Ok. Thanks for the explanation.

> This "4 extents per transaction" reservation makes even less sense
> now that extents are freed by defer ops, not by the transaction that
> unmaps them. We've completely decoupled extent freeing from the
> higher level code that unmaps them, and so now the freeing
> transactions are independent of the high level code that runs the
> freeing operations.
>
> IOWs, having a reservation big enough to free a single extent is all
> we should need now as we can break the extent freeing up into
> individual transactions and still have them complete atomically even
> after a crash. That's where I'm trying to get to here, but it's
> clear that I need to refine the code a bit further such that we only
> allow individual EFIs to queue up and free multiple extents within
> an AG to be freed in the same transaction....

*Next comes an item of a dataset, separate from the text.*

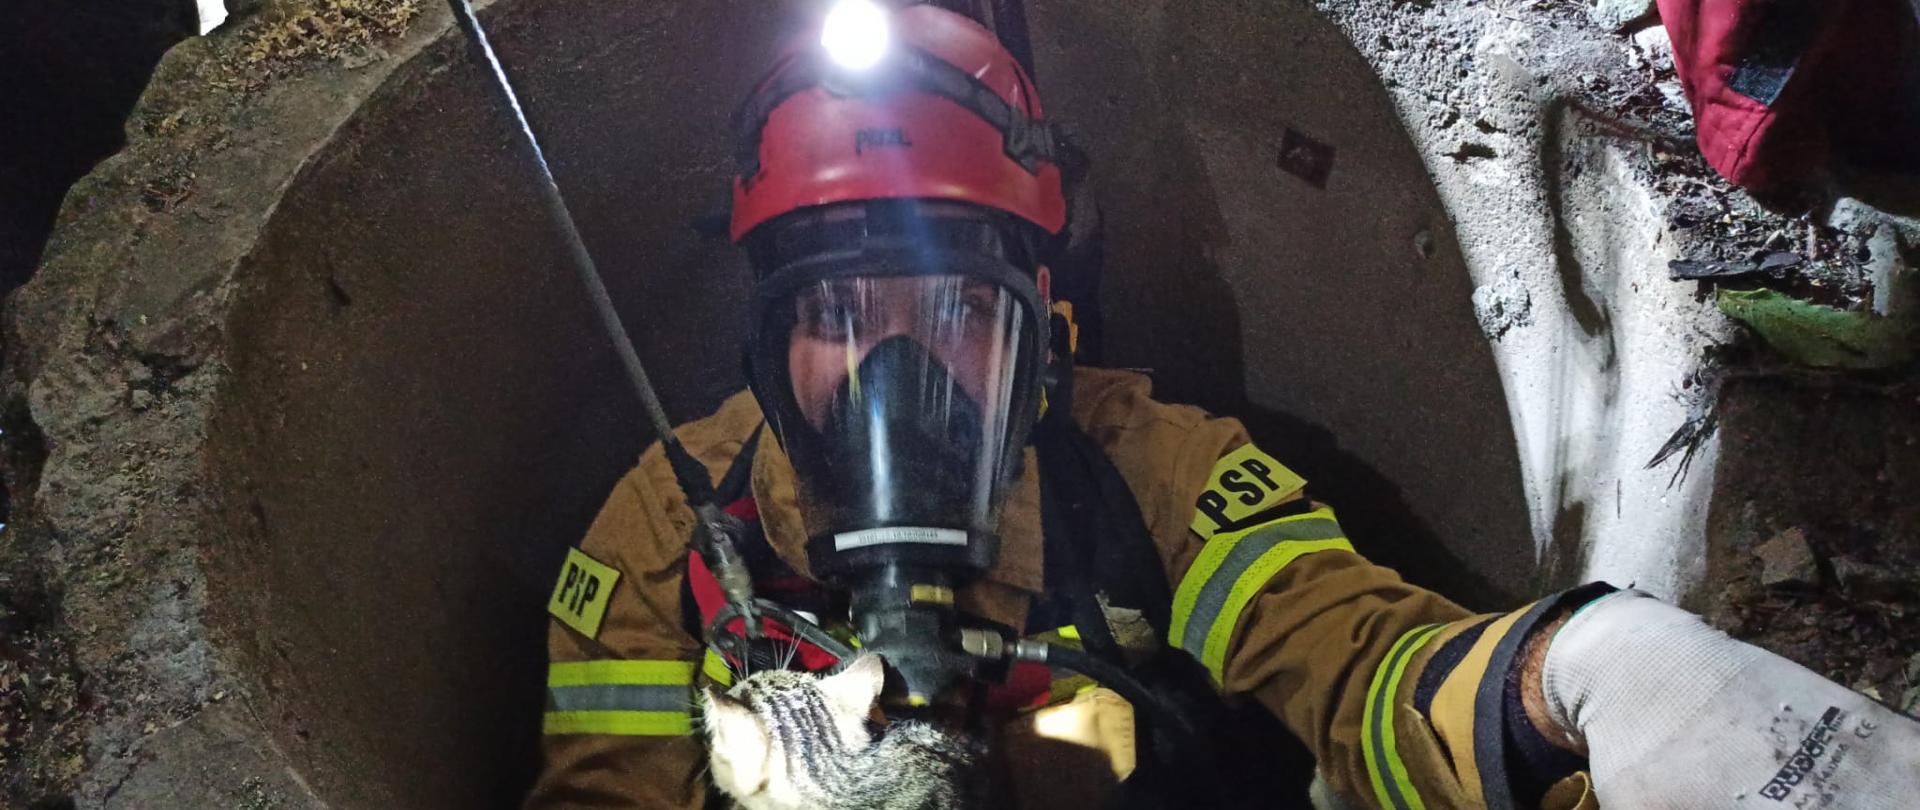 Zdjęcie przedstawia strażaka, który trzyma w ręce kota, którego wcześniej ewakuował ze studni z głębokości ok. 16 m.

Ok. That should limit the number of CNTBT/BNOBT blocks being logged by a
transaction which is freeing extents.

>
> FWIW, I suspect that the right thing to do here is make use of the
> xfs_defer_finish_one() mechanism for relogging the remaining intents
> in work list while it is processing that list. All we need is for
> xfs_extent_free_finish_item() to return -EAGAIN instead of running
> the free transaction, and we will log the completed EFDs and the
> remaining EFIs to be run and roll the transaction.
>
> Hence we can control exactly when we roll the extent freeing
> transaction (e.g. when the next extent to free is in a different AG
> to the one we've just been freeing extents in) and as a result we
> can define a fixed transaction reservation for extent freeing that
> works in every situation without having to care about arbitrary
> "how many extents can we unmap without overrun" concerns.
>

That sounds perfect.

> That's the goal here - fixed, small reservation for extent freeing
> that is decoupled from and independent of the number of extents that
> need to be freed atomically by the high level operation...
>
> Hence I think that a minor amount of rework will allow the EFI code
> to log large numbers of extents to be freed whilst still processing
> them within single AG free space tree modification reservation
> bounds...


--
chandan